All those matrix multiplies look extremely redundant, can’t we operate in an intermediate space and only apply the conversion when we’re done? Well yes, but we’d like to avoid having to write this code explicitly in every shader in the system. Instead, we leverage the fact that we know there is a contiguous subgraph in a consistent space (i.e. a single output conversation step should suffice).

V' = P * T0
       * T1
       * T2 * V

That’s a huge reduction in work! Only the root transform needs to be converted and all other data can remain in its native coordinate space. This works because T0..T2 and V are in the same coordinate system, so rotations work as expected. Additionally, the final output transformation P converts the resulting point correctly, since by definition it cannot be a rotation (it’s just a position). Finally the camera is in the space which P outputs, so the resulting scene appears correct. So what’s the catch?

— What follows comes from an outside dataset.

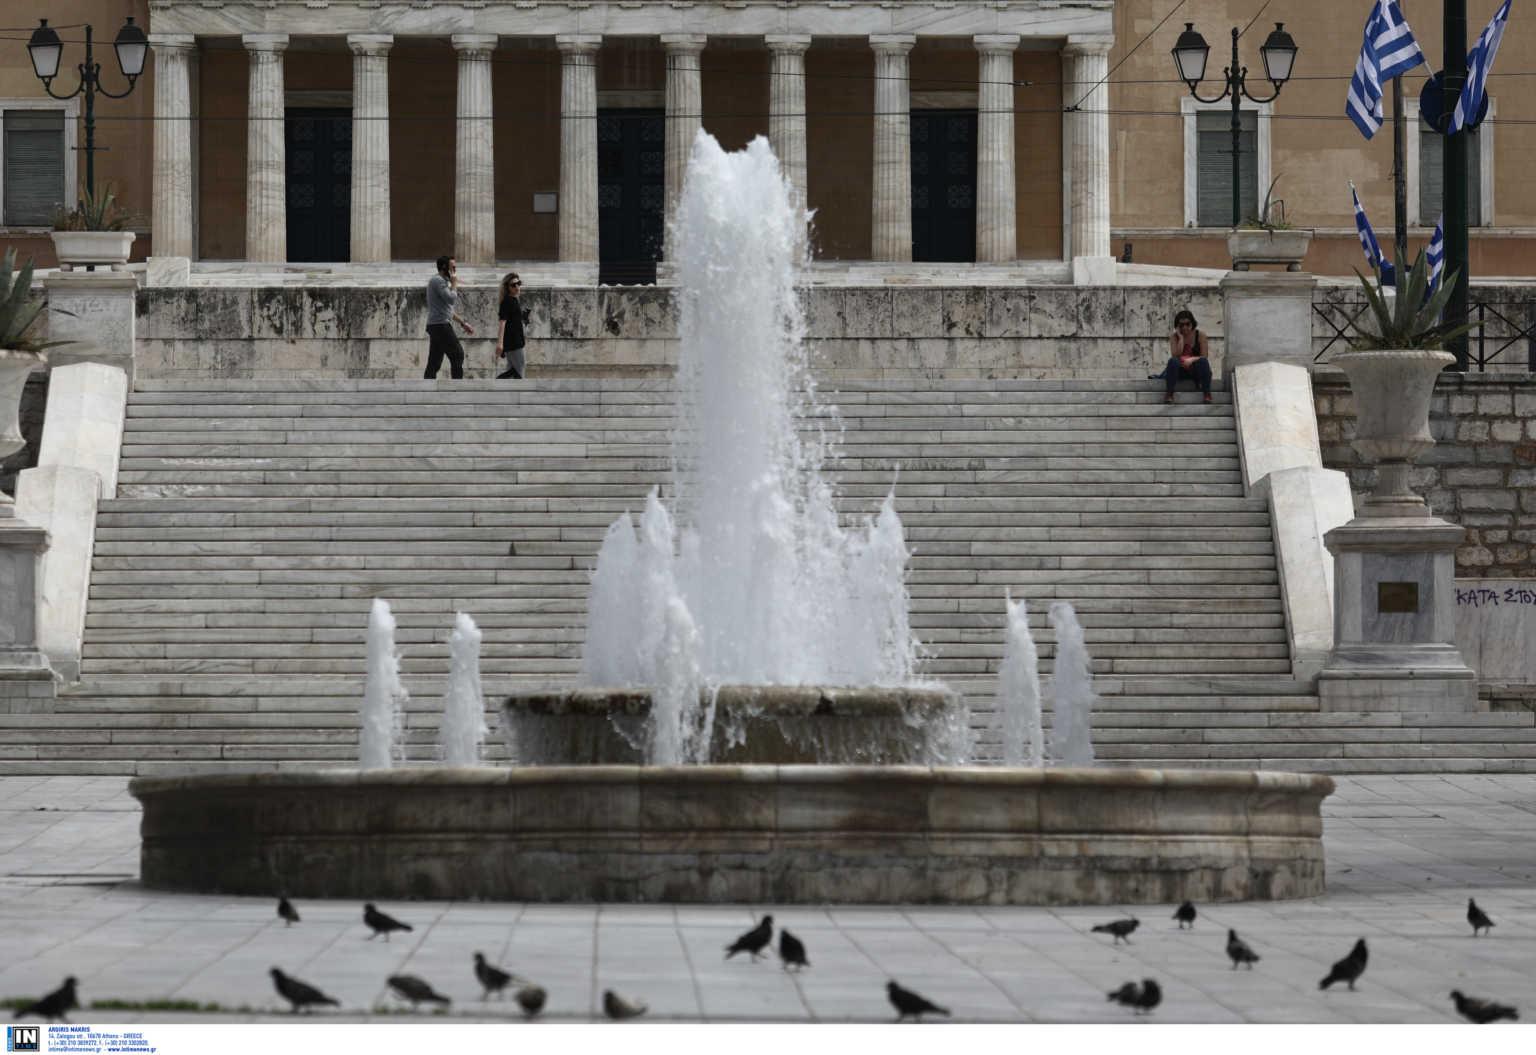 Δημοσκόπηση για τον φιλελευθερισμό: Η απήχηση στην Ελλάδα και ο κύριος εκφραστής – Η άποψη για τη Συμφωνία των Πρεσπών
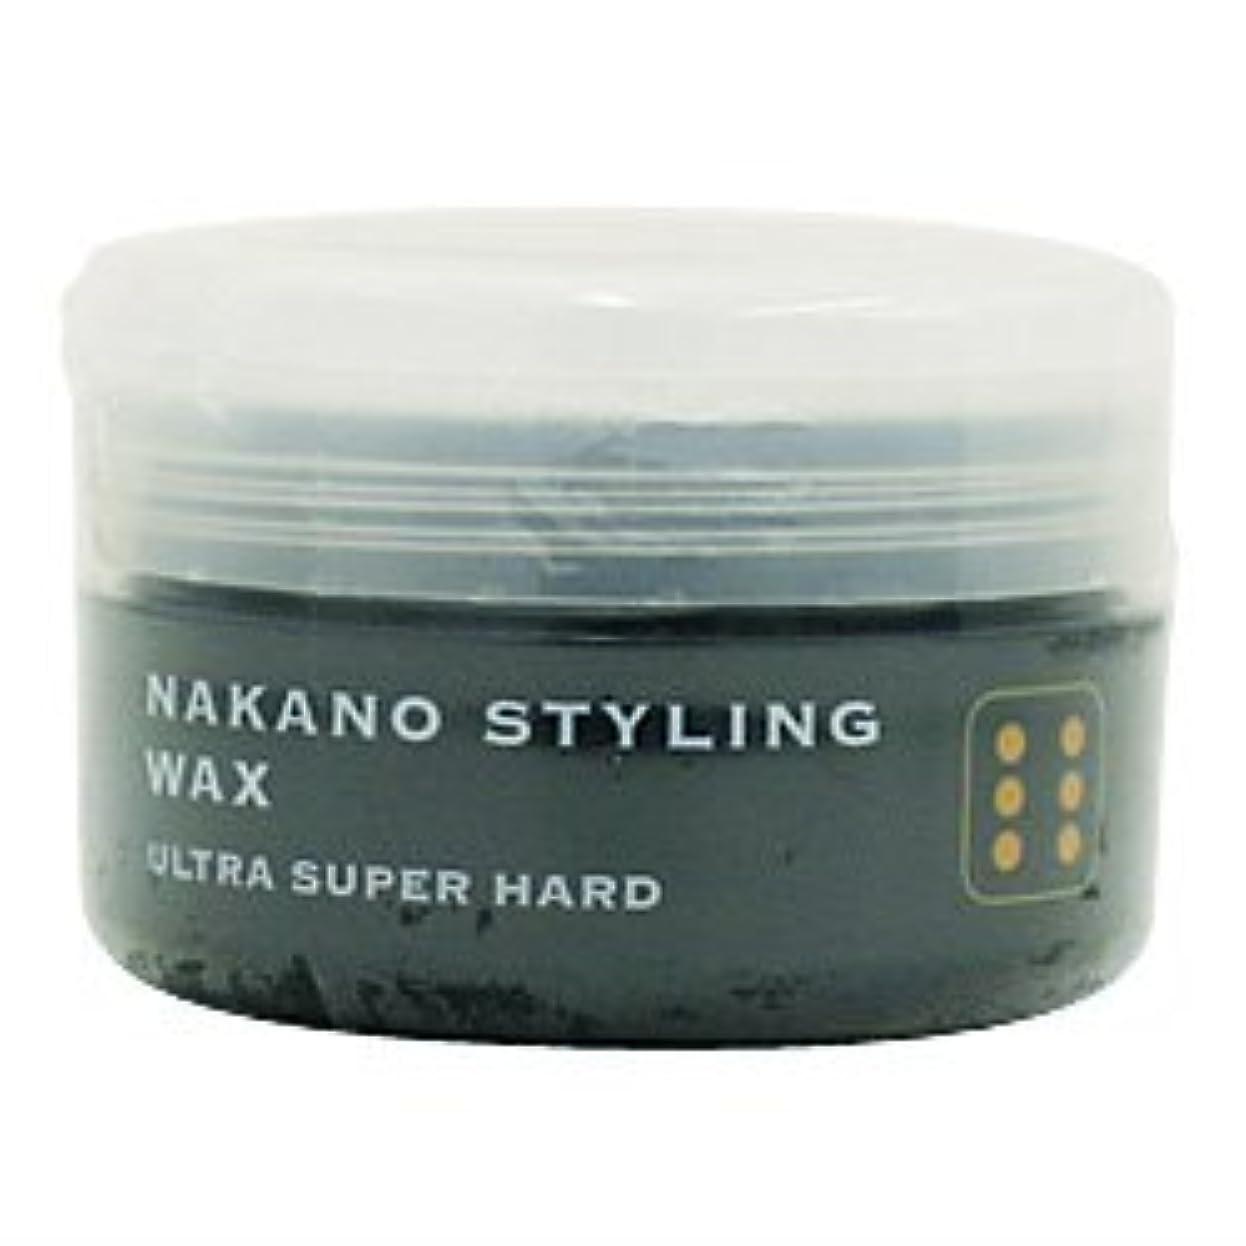 コンサルタント瞬時に驚くべきナカノ スタイリングワックス 6 ウルトラスーパーハード 90g 中野製薬 NAKANO

If we apply this trick while including a camera transform, the camera must either be fully converted or we’ve left the final vertex value in a different coordinate space than where it started when viewing it through this camera. However, to keep all the scene data in a consistent coordinate space, we can instead complete the partial change of basis transformation via the camera’s view transform:

C' = C * inverse(P)

Now, when we go to render our left-handed camera and data in a right-handed coordinate system (for example), the typical camera space transformation will result in the correct final similarity transformation as follows:

CameraSpaceV = (view) * (model) * (vertex)
             = C * T0 * T1 * T2 * V
             = inverse(P) * C * P * T0 * T1 * T2 * V
             = P * C * inverse(P) * T0 * T1 * T2 * V

And now we have two weird tricks :)

The net result has reduced an O(N) number of matrix multiplies on the incoming asset data to O(1).

Caveat Lector

There are actually a few caveats worth mentioning:

1. On import, this leaves the raw matrix and vertex data in the other coordinate system. Anyone inspecting this data by hand may be confused by what they are seeing versus the values of the data.
2. The root transform will contain a negative scale. Naive matrix decomposition algorithms will fail to handle this correctly and will convert the scale into a rotation. It is possible to detect this change of basis scale and handle it correctly when decomposing a matrix.
3. If you are operating on matrix data which gets applied directly to the view transform, this trick will require additional fixes.

Conclusion

Above all, I hope the fully general solution is helpful to anyone scouring the internet for a quick solution. Secondarily, I hope that pointing out the fact that ALL data must be converted exposes the corollary that it is actually fraught with peril and the caveats of the “one weird trick” / partial change of basis may actually be preferable in some cases, not only for performance, but for the sake of correctness.